The fractured domain comprises four systems: Paranoá (subsystems R3/Q3 and R4), Canastra (subsystem F) and Bambuí (Fig. 2a). Fractures, cracks and faults in the rocks are reservoirs for water, varying from a few meters to hundreds of meters. The aquifers can be unconfined or confined, highly anisotropic and heterogeneous. These rocks form the deep groundwater system in the area. The recharge of these aquifers is from vertical and lateral flow of precipitation-water infiltration. The geomorphology of the region highly influences the main areas of regional recharge. The differences in the rock types of these systems lead to different hydrodynamic parameters. Subsystem R3/Q3 consists of a sandy/quartzite layer that favors open cracks, resulting in water flows around 12,200 L/h. This flow is higher than the other fractured systems and subsystems, being the major source of natural discharge in the northern part of the basin. R4, F and Bambuí consist of clay layers, resulting in a water flow around 6,100, 7,500 and 5,200 L/h, respectively (Souza and Campos 2001). The porous domain is a non-consolidated geological environment with predominant thickness varying between 15 and 25 m (>60%), large extension and is, in general, homogeneous. These aquifers form the shallow groundwater system. The porous domain comprises three systems: P1, P2 and P4 (Fig. 2b). The water flux at these aquifers is small compared with the deep groundwater system of the fractured domain (Souza and Campos 2001). They differ in thickness and granulometry. P1 has moderate thickness (around 10 m) and sandy texture. P2 has large thickness (more than 10 m) and sandy to loamy texture. P4 has small thickness (less than 10 m) and rocky texture. Reatto et al. (2000) presented a large-scale soil survey of Jardim River watershed at scale 1:50,000 (Fig. 2c). The soil classes identified in the basin are red latosol (LV), red yellow latosol (LVA), haplic cambisol (Cx), haplic plinthosol (Px), haplic gleysol (Gx) and quartzarenic neosol (RQ).
Monitoring water-table depths and climatological parameters
Water-table depths were observed with a semi-monthly frequency from 11 October 2003 until 06 March 2007, at 40 wells (Fig. 1). These wells were selected to cover the range of soil types and hydrogeological domains in the area, in an attempt to characterize the different responses of water-table depths in the basin. The length of the time-series data of water-table depths was 1,240 days. The screen depth in the wells varied with soil depth. A data series of 33 years for precipitation and potential evapotranspiration was available from a climate station close to the basin (Taquara Station).
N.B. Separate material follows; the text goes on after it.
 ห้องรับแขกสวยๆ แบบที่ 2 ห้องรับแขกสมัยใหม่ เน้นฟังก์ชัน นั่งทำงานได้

These data were available monthly from 1974 to 1996, and then daily from 1996 to the present.
Time-series modeling with the PIRFICT-model
The PIRFICT-model was implemented using the computer package Menyanthes (Von Asmuth et al. 2010). Here, there is just a brief description of the model formulation. In the next section, an innovation in the method is presented, regarding simulation of the random component of the model to predict extreme water-table levels in time and to map them in space. For a detailed description of the PIRFICT-model, Von Asmuth et al. (2002) present a single input/output time-series approach, and Von Asmuth et al. (2008) introduced a more complex approach using a multiple-input stress series.
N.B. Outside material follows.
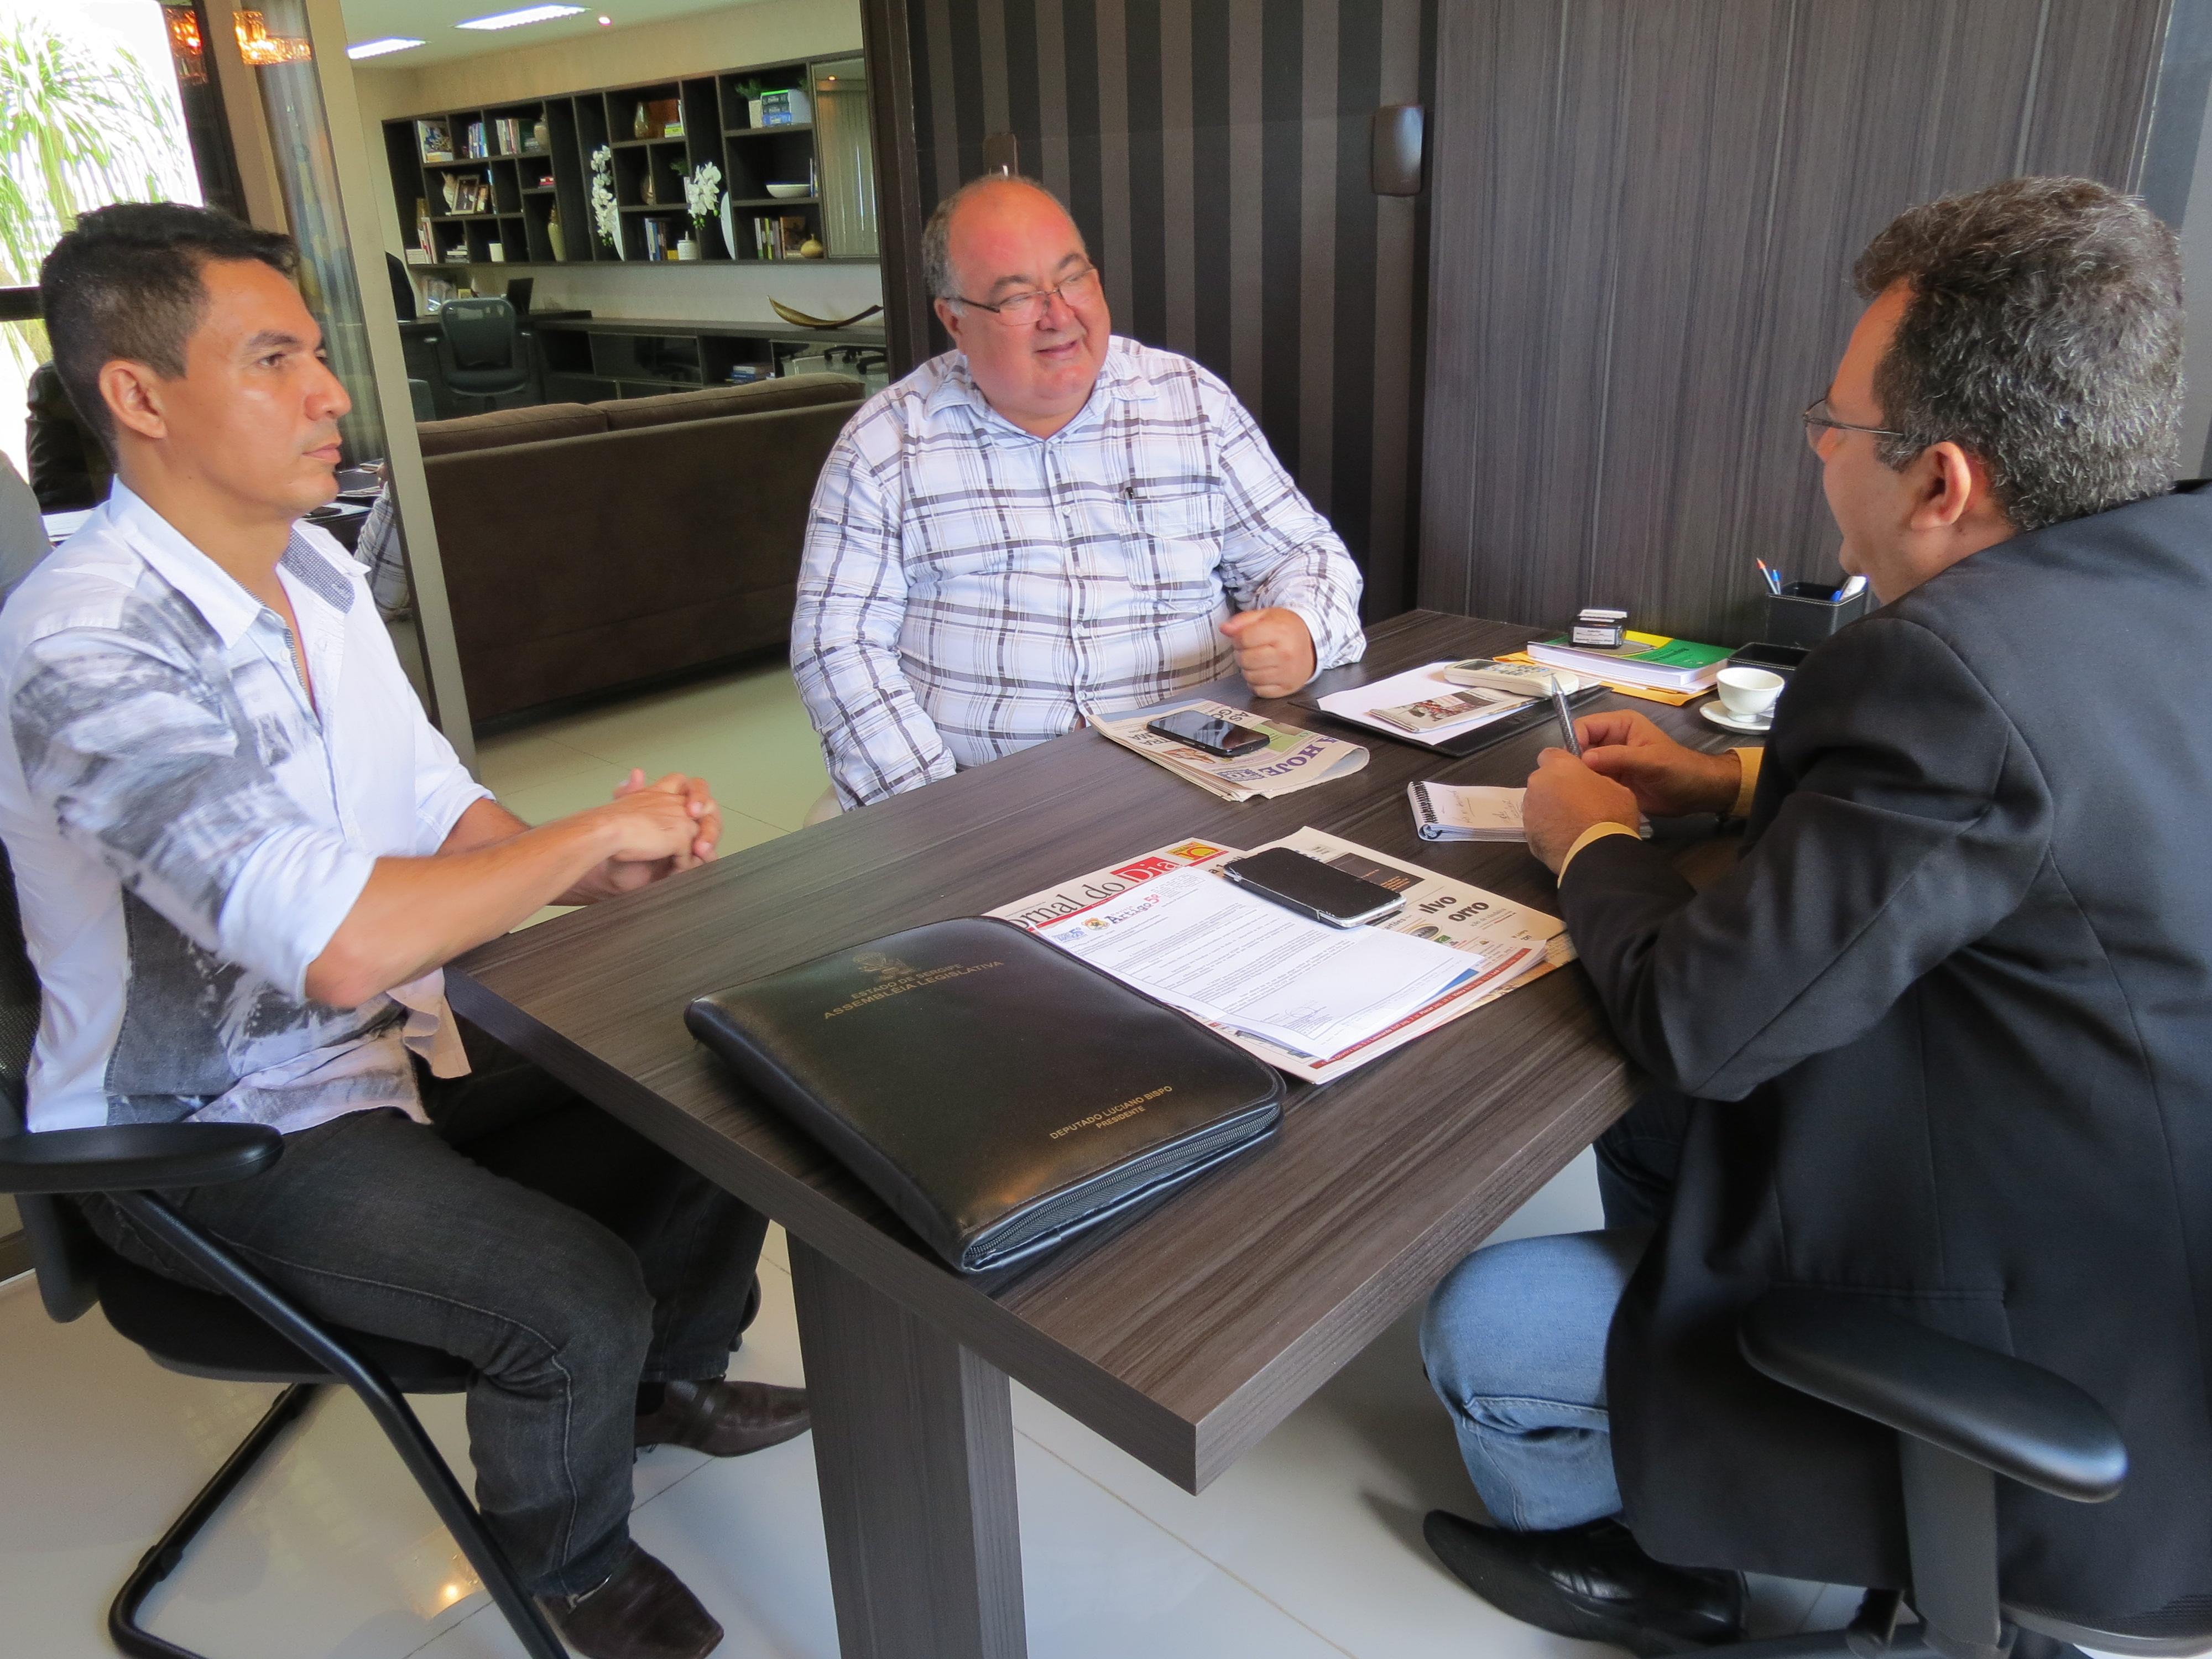 Sindicato dos Radialistas de Sergipe faz visita de cortesia ao diretor de comunicação da Alese

In the PIRFICT-model, a block pulse of the input is transformed to an output series by a continuous-time transfer function. The outputs are a predicted series of water-table depth, h i*(t), at time t, credited to stress i, with coefficients that do not depend on the observation frequency. There are many types of stresses that can affect the water-table depth. Von Asmuth et al. (2008) distinguished several stresses, including precipitation, evapotranspiration, groundwater withdraw (or injection), surface-water levels, barometric pressure and hydrological interventions. Here in this study, h i*(t) is credited to the precipitation and evapotranspiration stresses, modeled as transfer function-noise by the PIRFICT-model (Fig. 3). In general, groundwater systems react differently to the different stresses to which they are submitted. However, there are also cases where different stresses, like precipitation and evapotranspiration, cause similar responses. The effect of evapotranspiration on the water-table depth is the same as precipitation, but negative, discounting its influence from precipitation, similar to a water balance.
The impulse response (IR) function describes the way the water table responds to an impulse of precipitation. The form and area of the impulse response function depends strongly on the local hydrological circumstances. The IR function is typically taken as a Pearson type III distribution function (PIII df; Abramowitz and Stegun 1964), which can model the response of a broad range of groundwater systems. It is adjusted from the response of the water table given from exogenous inputs. The physical basis of the PIII df lies in the fact that it describes the transfer function of a series of linear reservoirs (Nash 1958). Compared to the combined autoregressive (AR) model and Kalman filter, the PIRFICT-model offers a further extension of the possibilities of calibrating transfer function-noise models on irregularly spaced time series, because the shape of the transfer function is not restricted to an exponential function (Von Asmuth and Bierkens 2005).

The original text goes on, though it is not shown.